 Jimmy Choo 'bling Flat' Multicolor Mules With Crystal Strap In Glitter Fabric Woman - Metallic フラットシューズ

━━━━━━━━━━━━━━━━━━━━━━━━━━━━━━

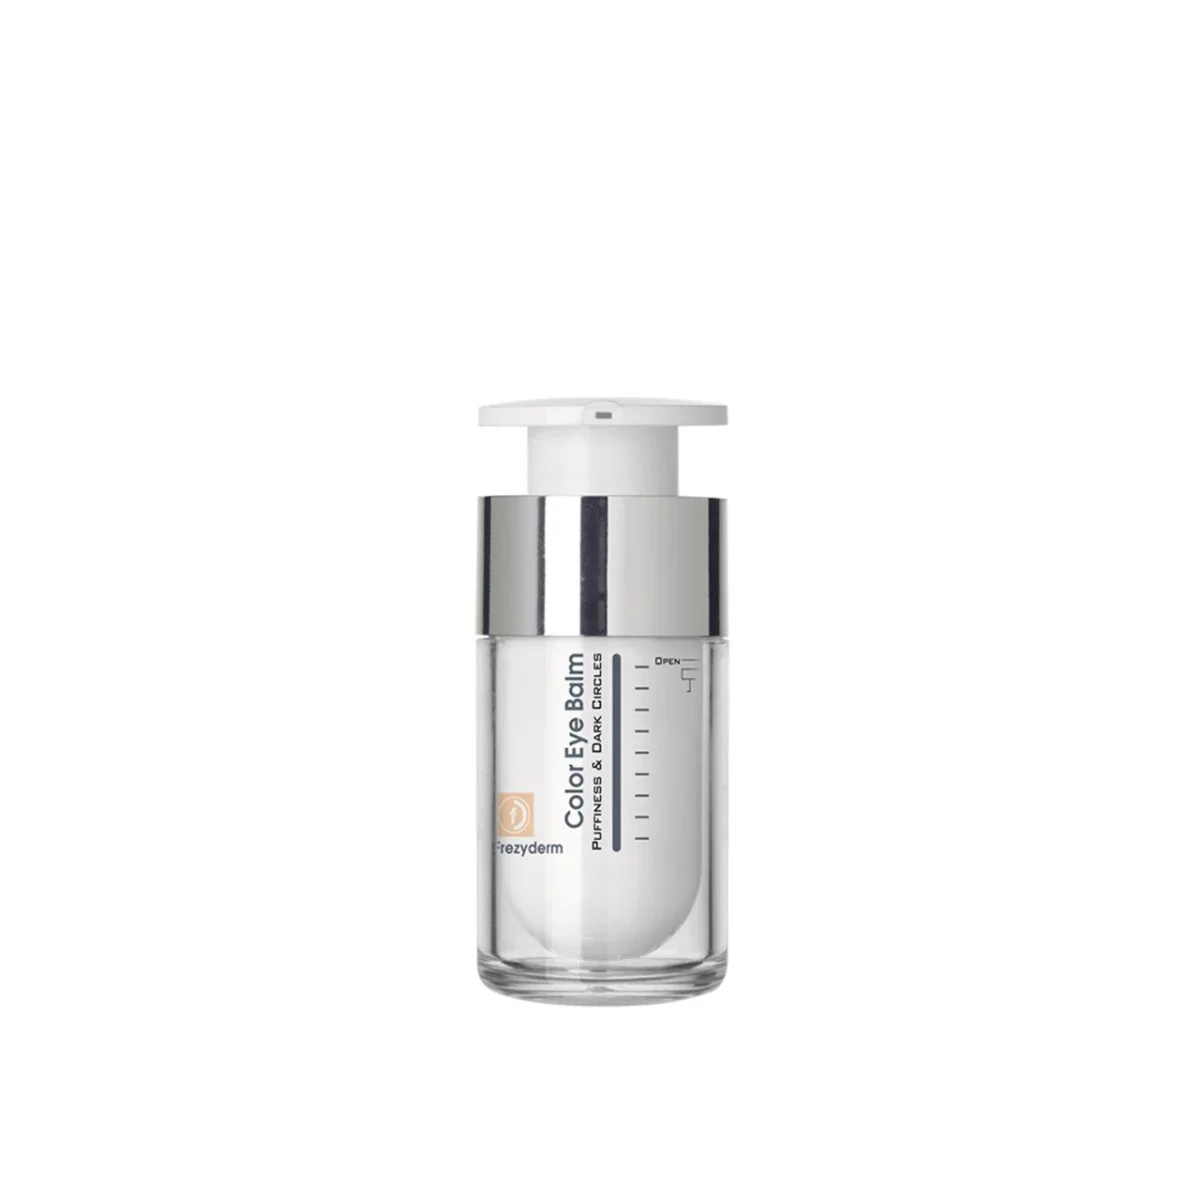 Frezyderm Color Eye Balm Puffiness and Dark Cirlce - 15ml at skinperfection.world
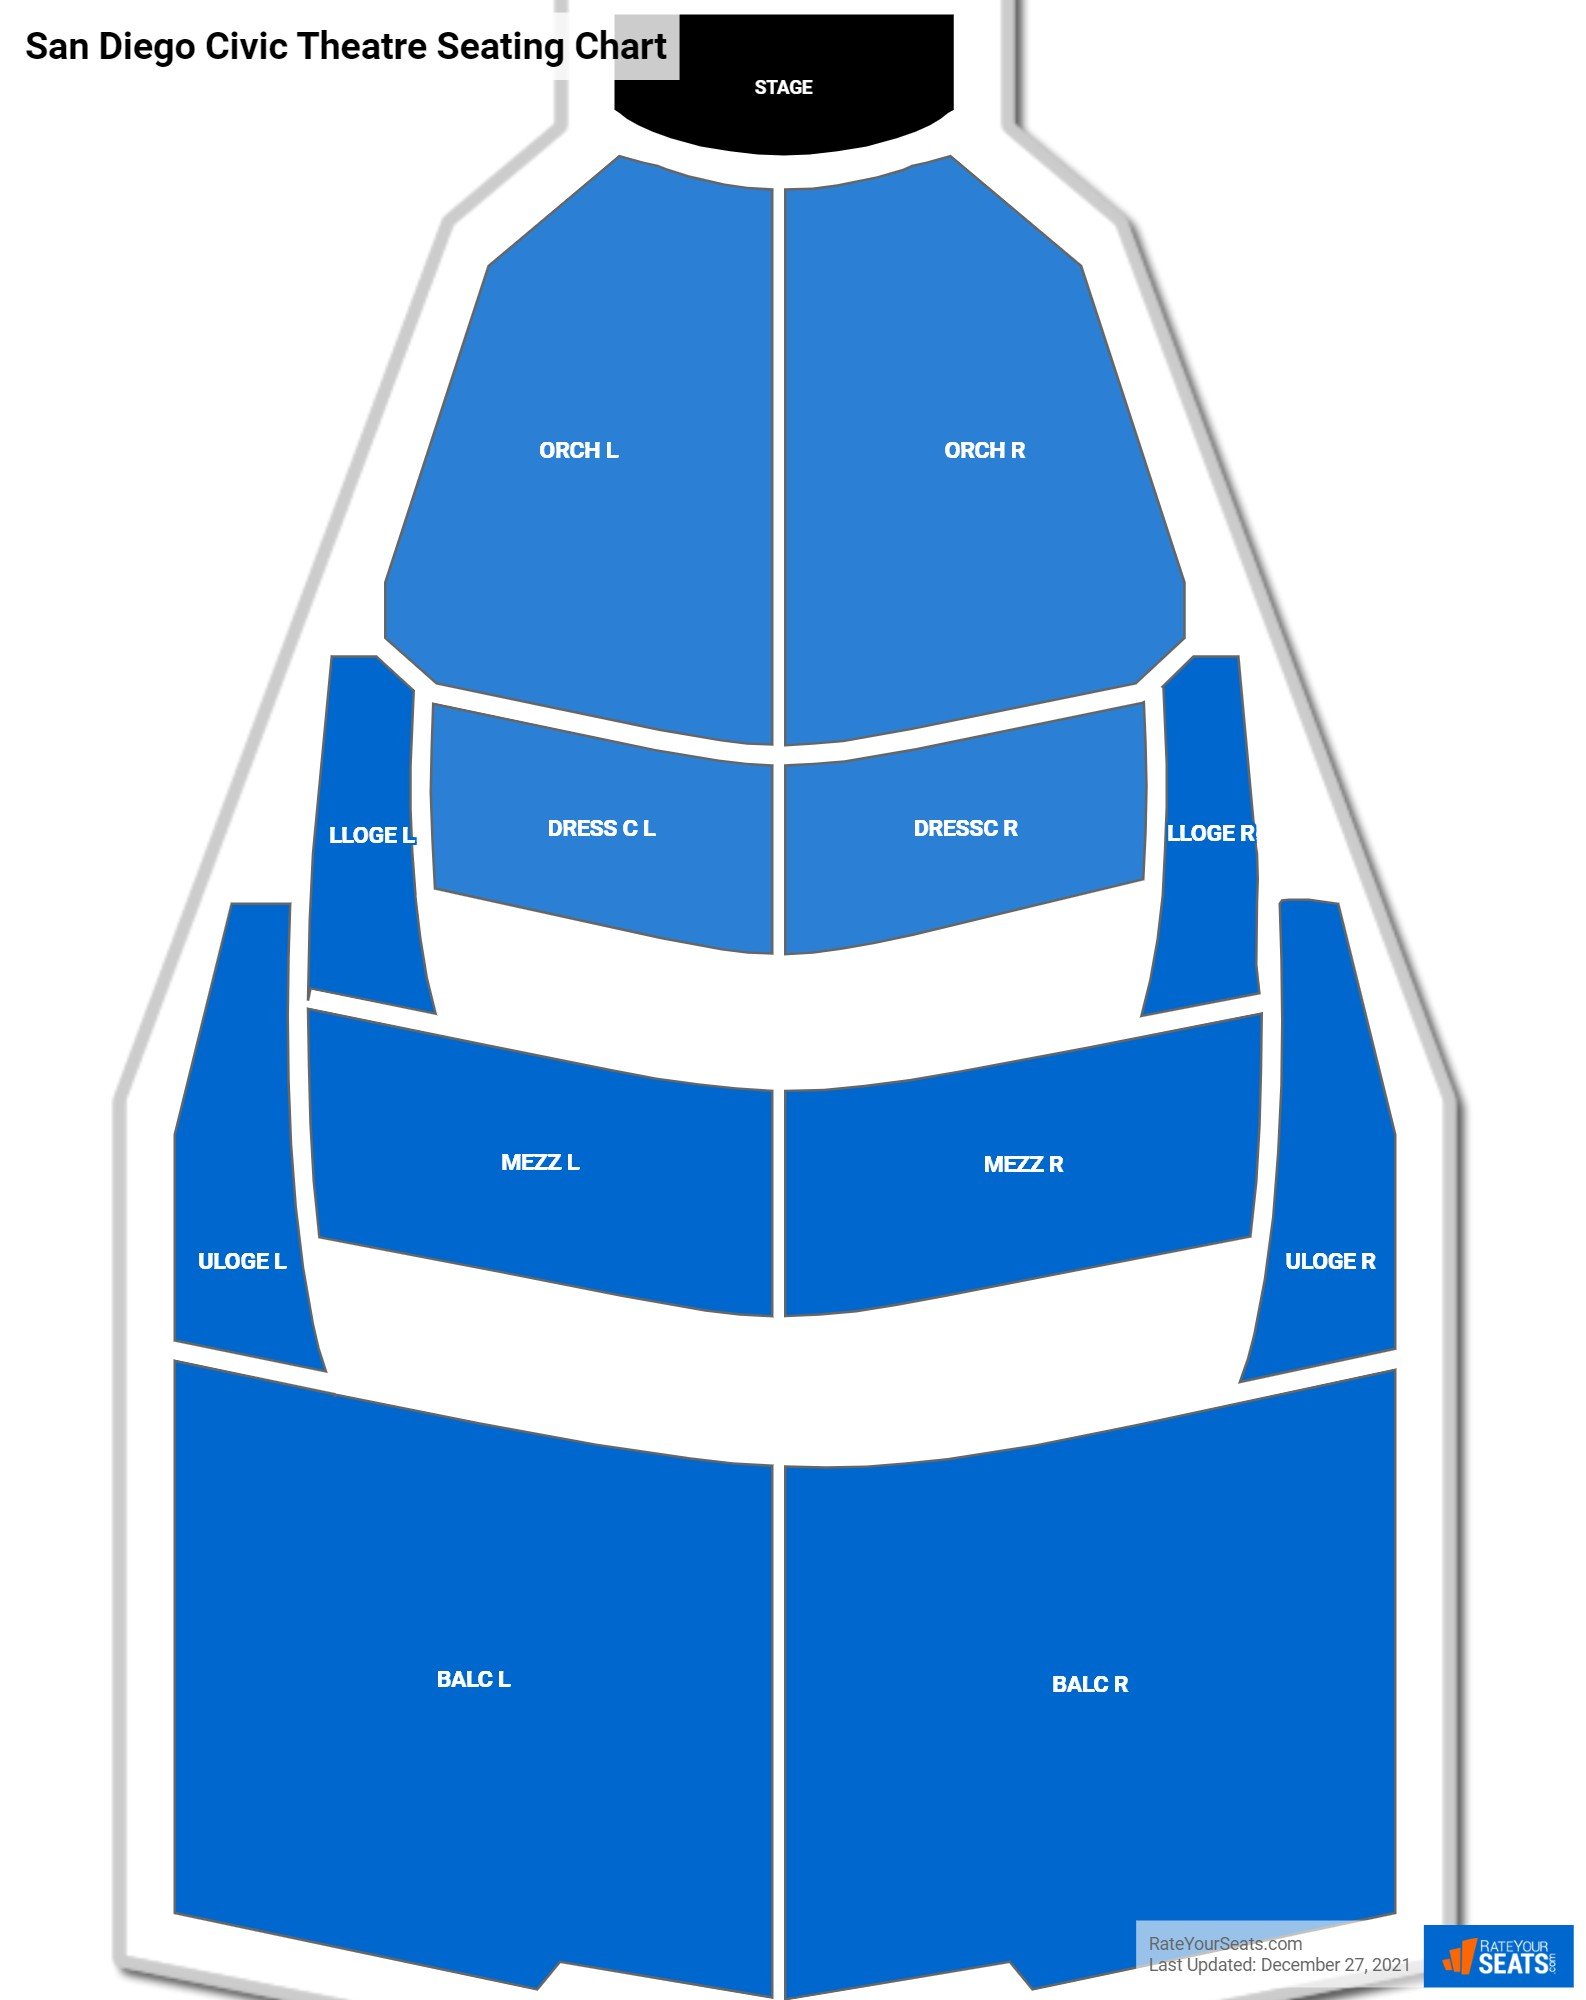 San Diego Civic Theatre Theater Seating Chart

━━━━━━━━━━━━━━━━━━━━━━━━━━━━━━

■ WORK TASK: I would like the exact lines from the data above, starting with the one that holds "Frezyderm Color Eye" and going on through the one that holds "San Diego Civic", without the pictures.

■ TASK SOLUTION:
 Frezyderm Color Eye Balm Puffiness and Dark Cirlce - 15ml at skinperfection.world
 San Diego Civic Theatre Theater Seating Chart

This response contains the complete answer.